Screen Shot 2013-07-08 at 12.56.36

From what I can fathom, its like the Failover Clustering Validation Tool isn’t aware of this configuration, and thinks I could have no network redundancy. Of course, this is pretty important to stop such things as isolation and split-brain. That’s when the cluster thinks a node is dead to the world, when it’s actually still alive – merely because it isn’t reachable across the management network. I guess if you’re a Microsoft customer you used to this sort of thing – one of the problems with these sort of oil-tanker style Mega-Software-Vendors after all, is getting everyone to be on the same page. This is a problem that VMware could well do learning from and avoiding at all costs – staying lean and mean is the way to remain competent and speedboat-like when it comes to innovation and quality.

Here’s the warning:

networkerror1-usb

The red stuff concerns the system trying to test an IBM USB “network connection” that only appears when Windows Hyper-V is installed to my Levono TS200’s. The Validation Configuration wizard appears to mistakenly think this is a genuine connection when it isn’t. I’m thinking perhaps the best way to resolve this issue is to merely disable this unwanted device – and perhaps then the validating wizard will ignore it. As it turns out I had disabled this interface on one Windows Hyper-V node but not the other. Disabling the device on all my hosts successfully removed the bogus warning.

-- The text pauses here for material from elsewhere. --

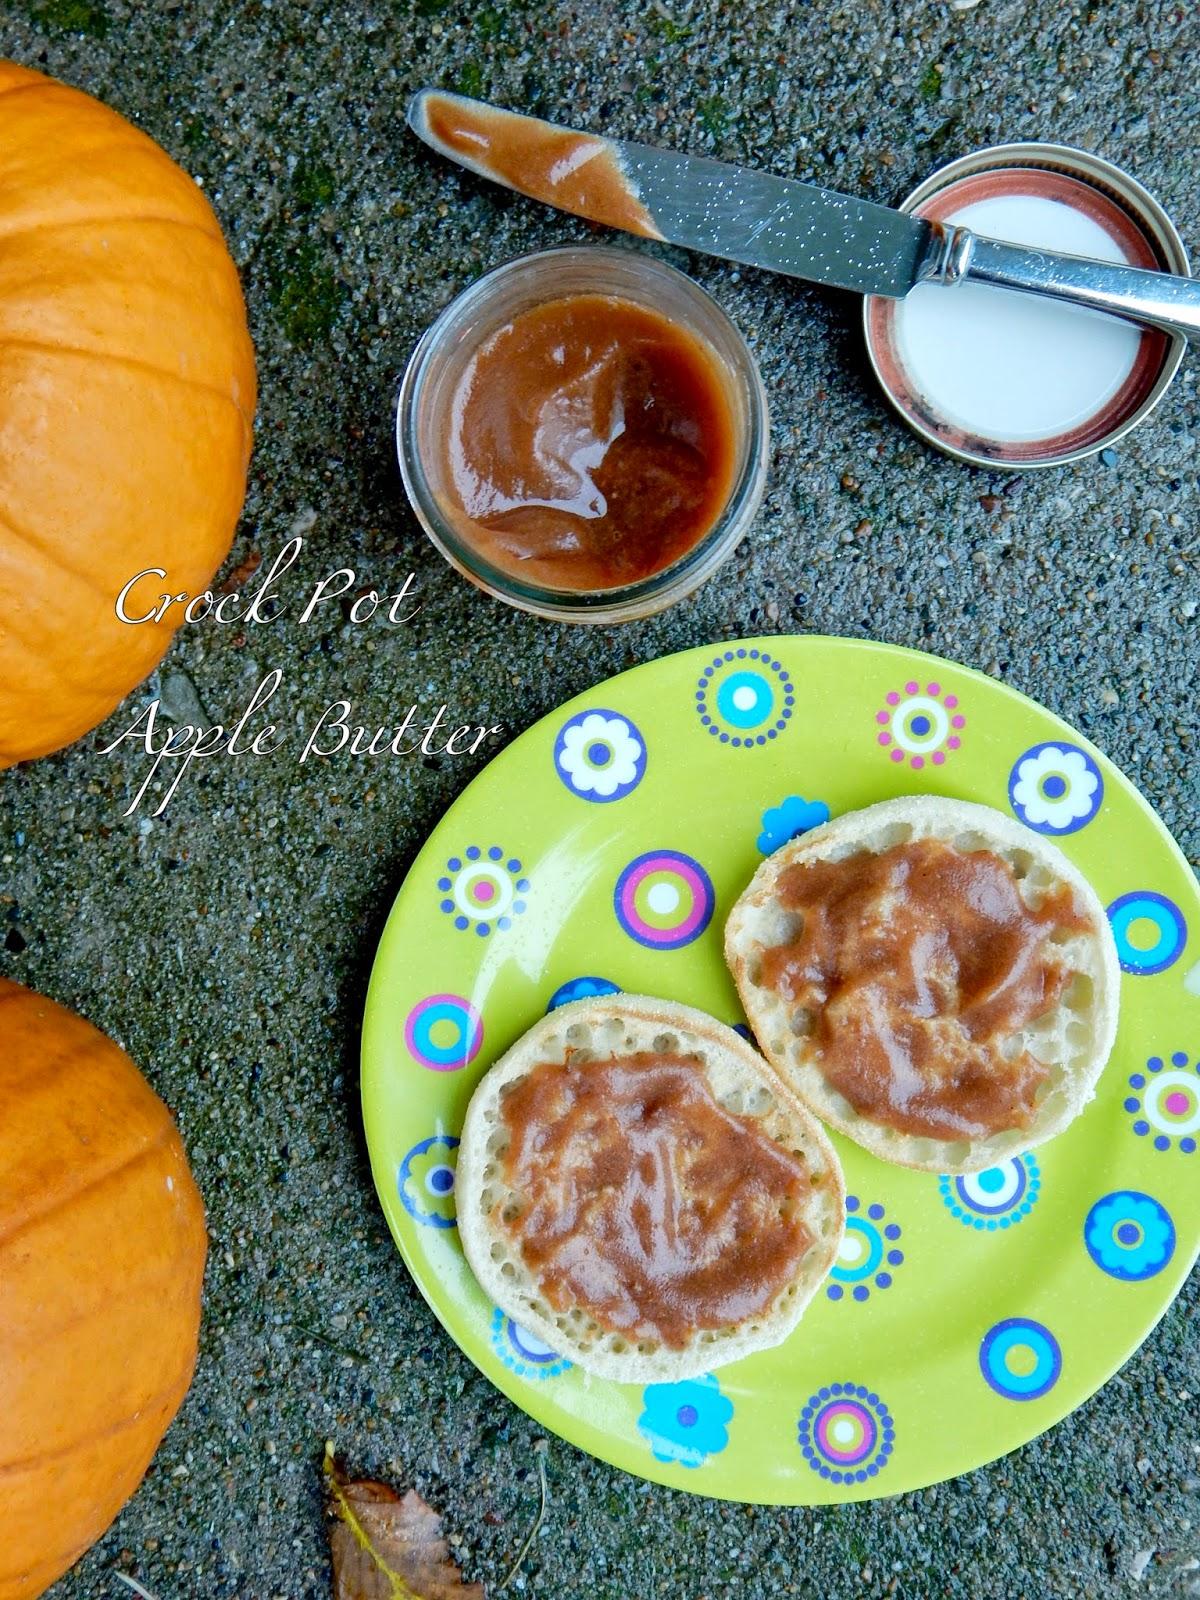 crock pot apple butter (sweetandsavoryfood.com)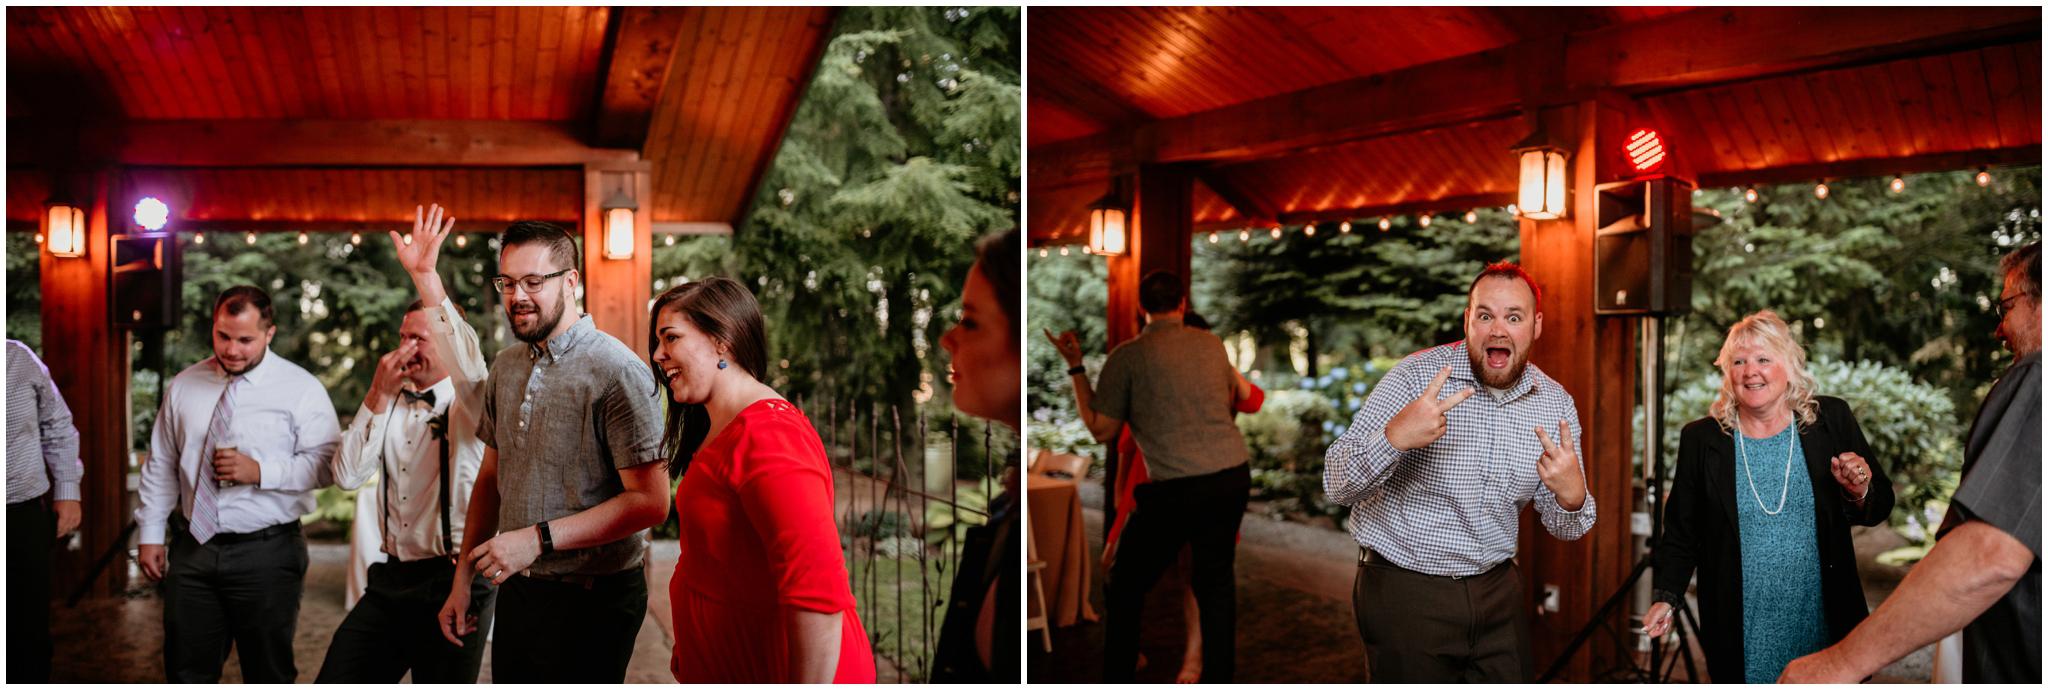 erin-and-tyler-evergreen-gardens-bellingham-wedding-photographer-139.jpg

Screen Shot 2013-07-08 at 13.00.15

The other warning message reads:

Node hyperv02nyc.corp.com is reachable from Node hyperv01nyc.corp.com by only one pair of network interfaces. It is possible that this network path is a single point of failure for communication within the cluster. Please verify that this single path is highly available, or consider adding additional networks to the cluster.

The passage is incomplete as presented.